Extracted data Block Start

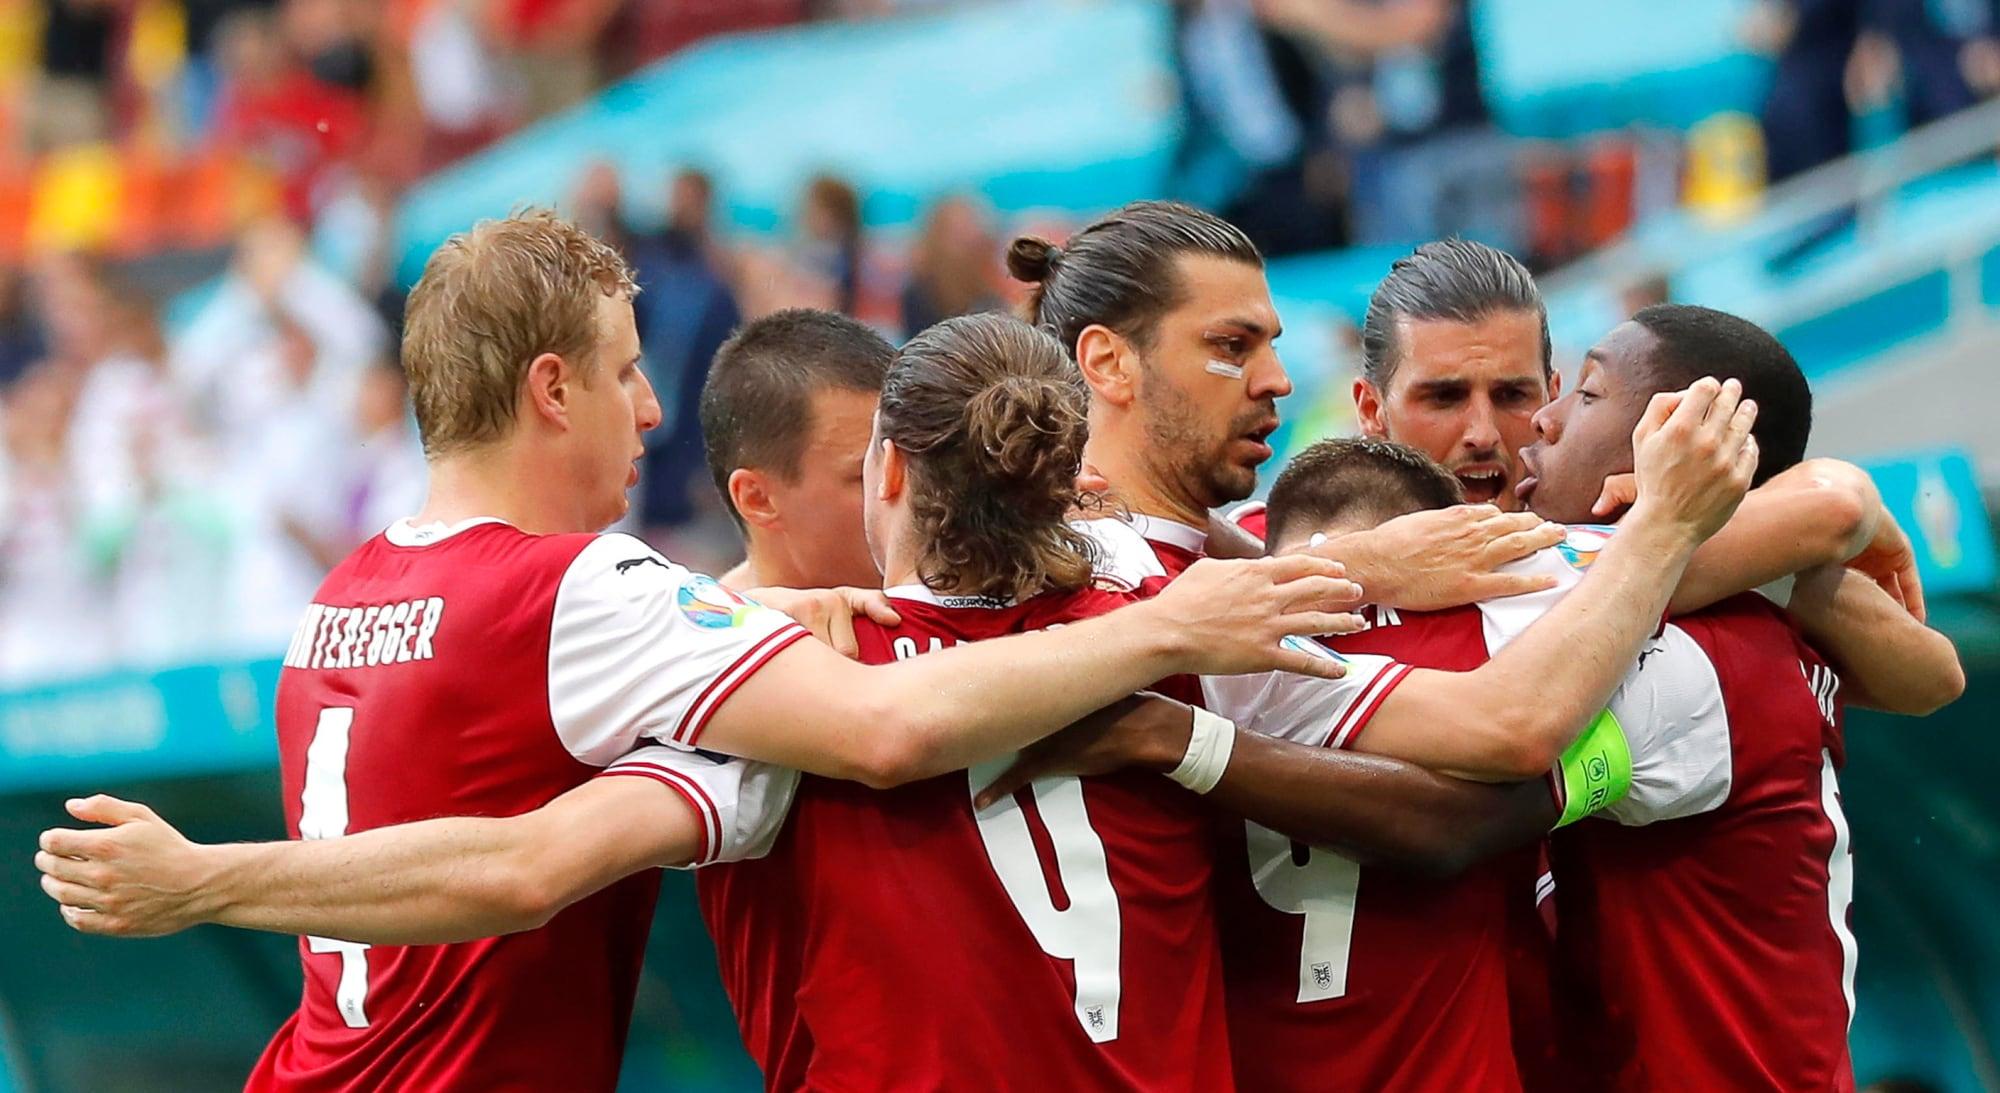 Sarà l'Austria a sfidare l'Italia agli ottavi: ko l'Ucraina di Shevchenko
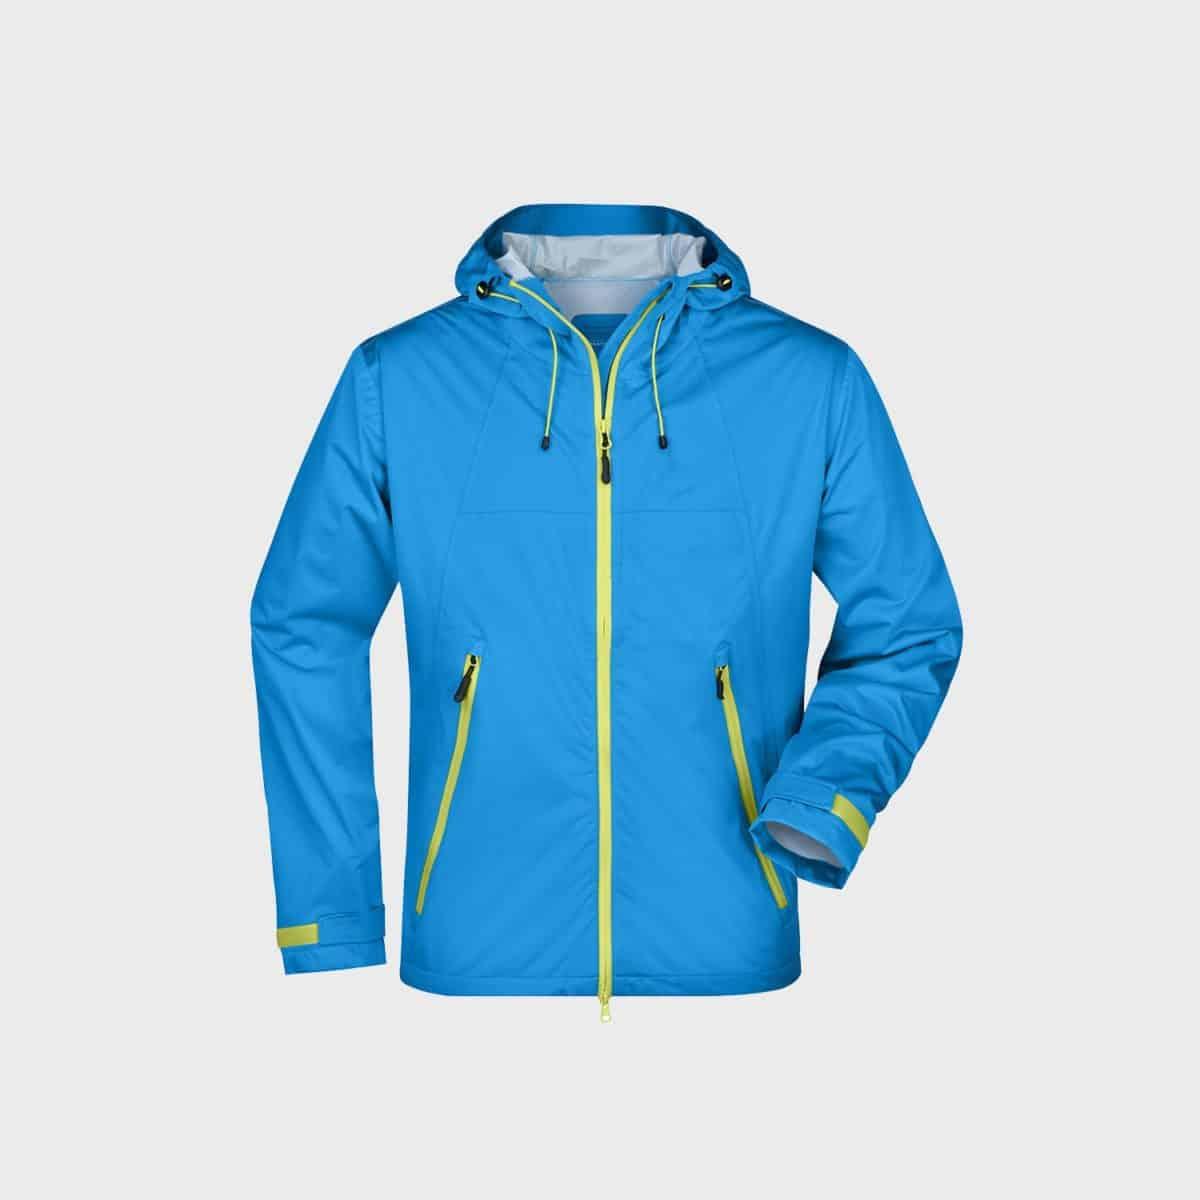 outdoor-jacket-herren-aqua-kaufen-besticken_stickmanufaktur
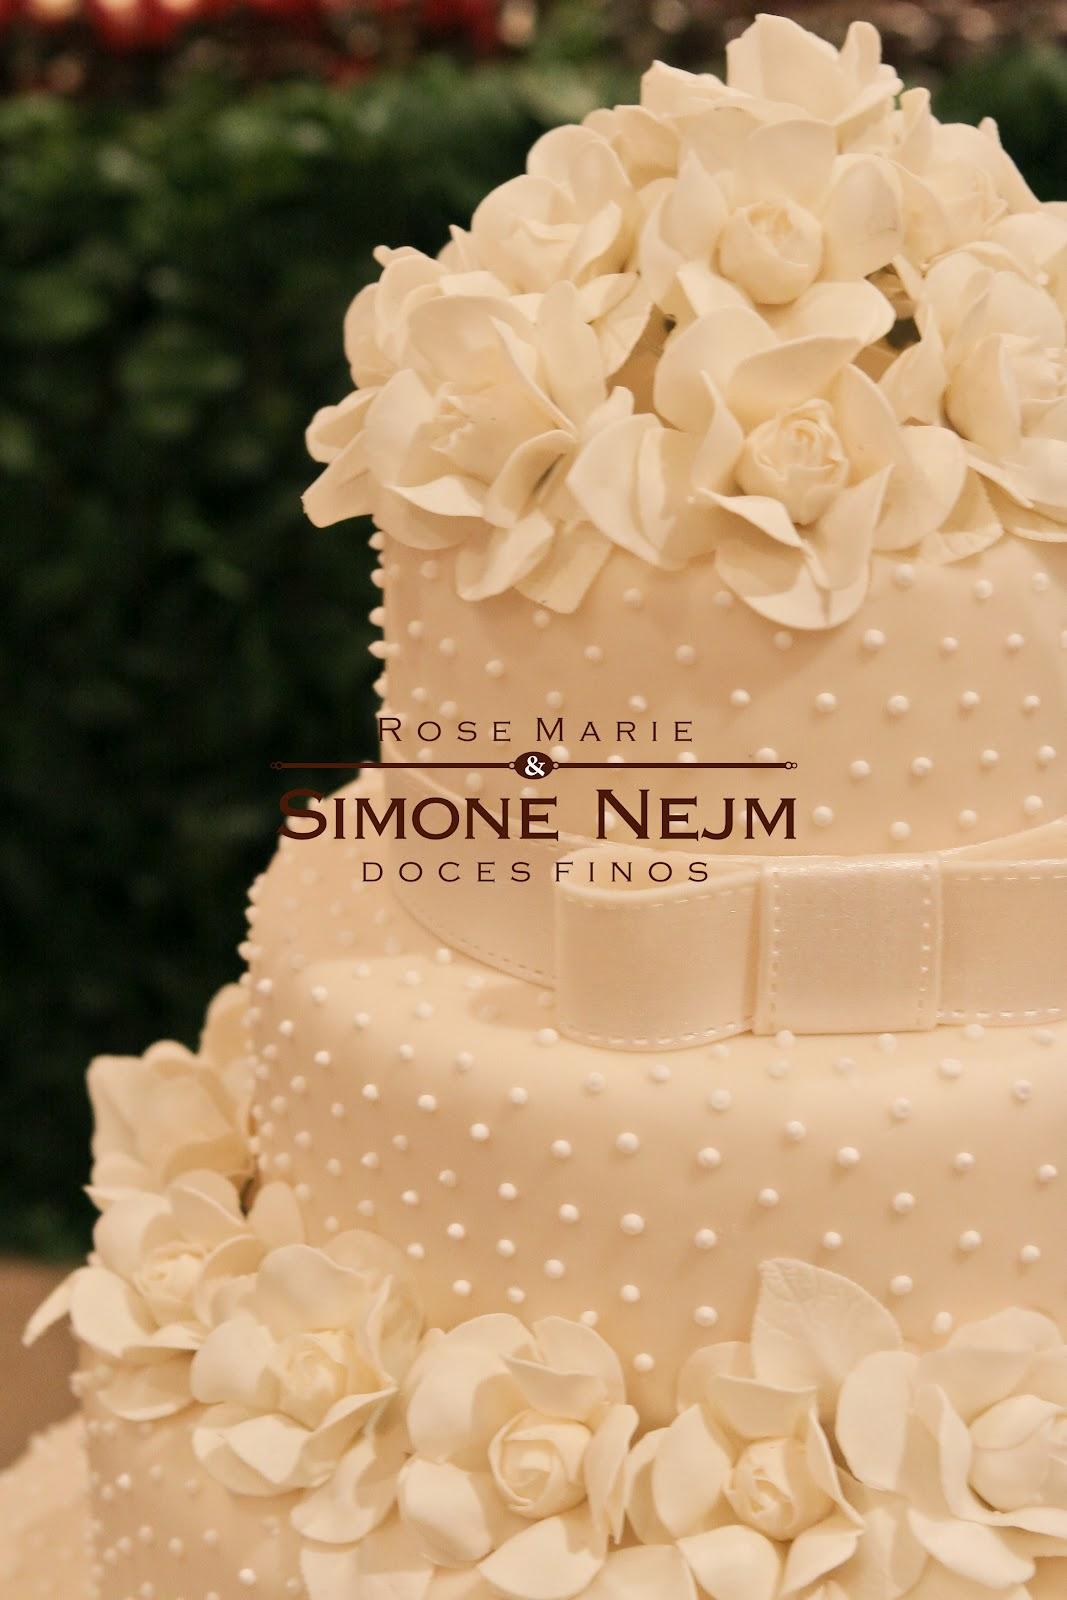 Rose Marie & Simone Nejm Doces Finos | eleroticariodenadie
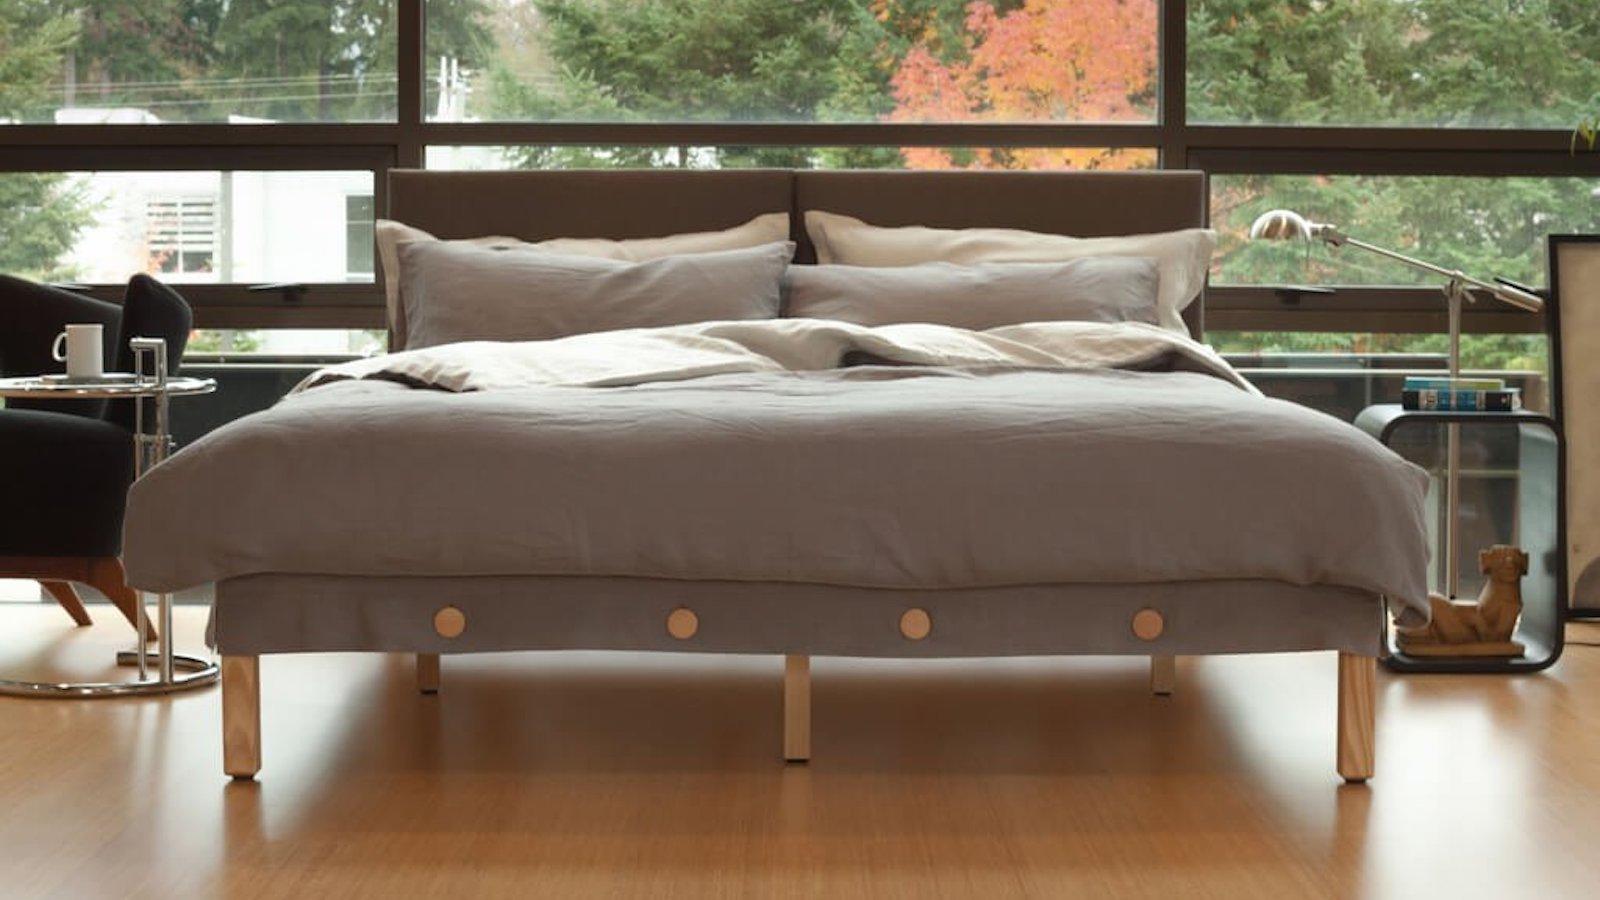 Horizontal Button Bed pain-relief mattress
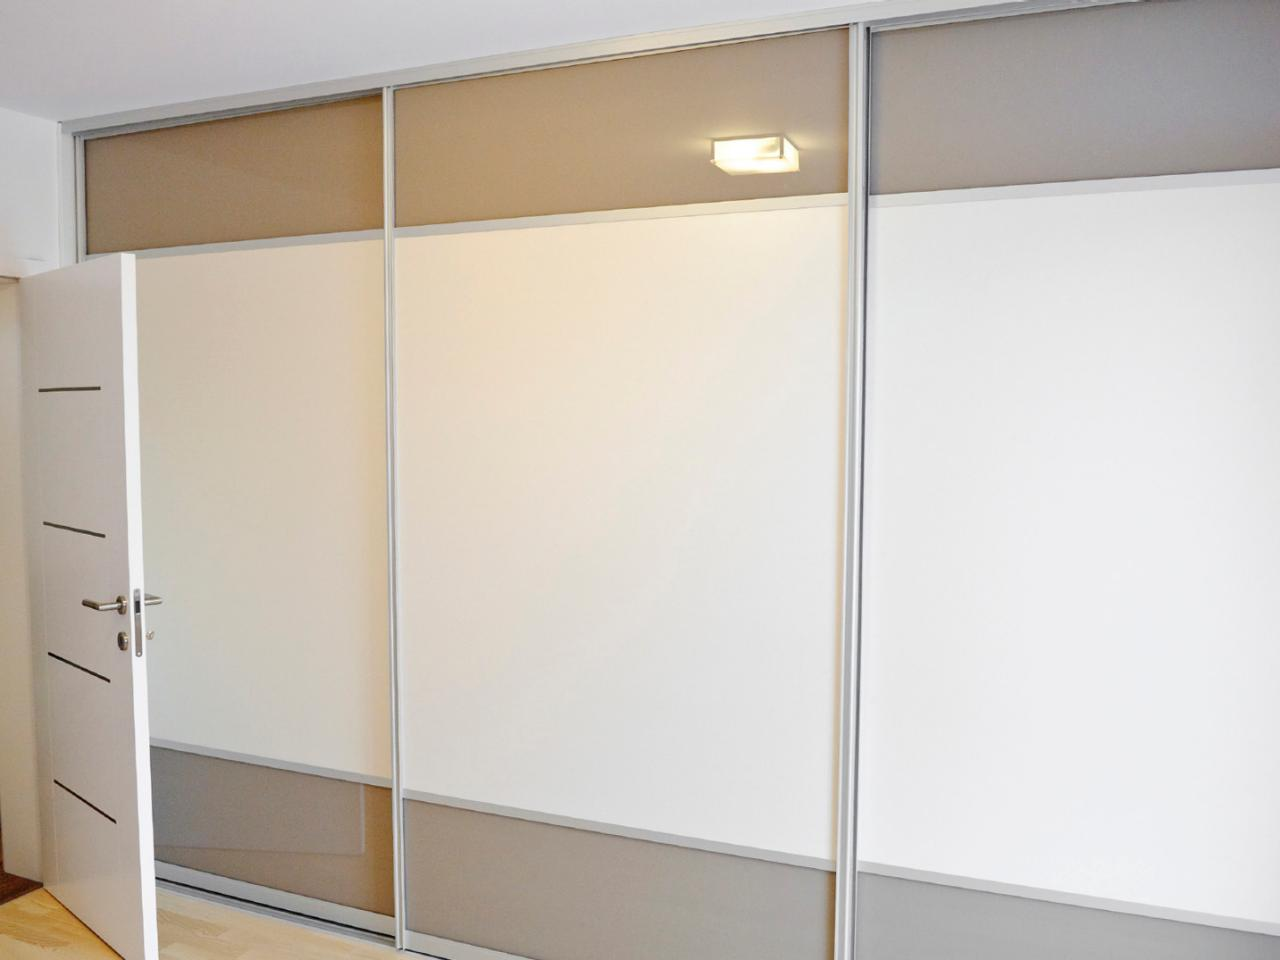 Pictures of Sliding Closet Doors: Design Ideas and Options closet sliding doors

Extracted data Block End

*What the task asks*
In repeating the lines above, keep the wording exact and leave every picture out.

*Result below*
 Sarà l'Austria a sfidare l'Italia agli ottavi: ko l'Ucraina di Shevchenko
 outdoor-jacket-herren-aqua-kaufen-besticken_stickmanufaktur
 Rose Marie & Simone Nejm Doces Finos | eleroticariodenadie
 Horizontal Button Bed pain-relief mattress
 Pictures of Sliding Closet Doors: Design Ideas and Options closet sliding doors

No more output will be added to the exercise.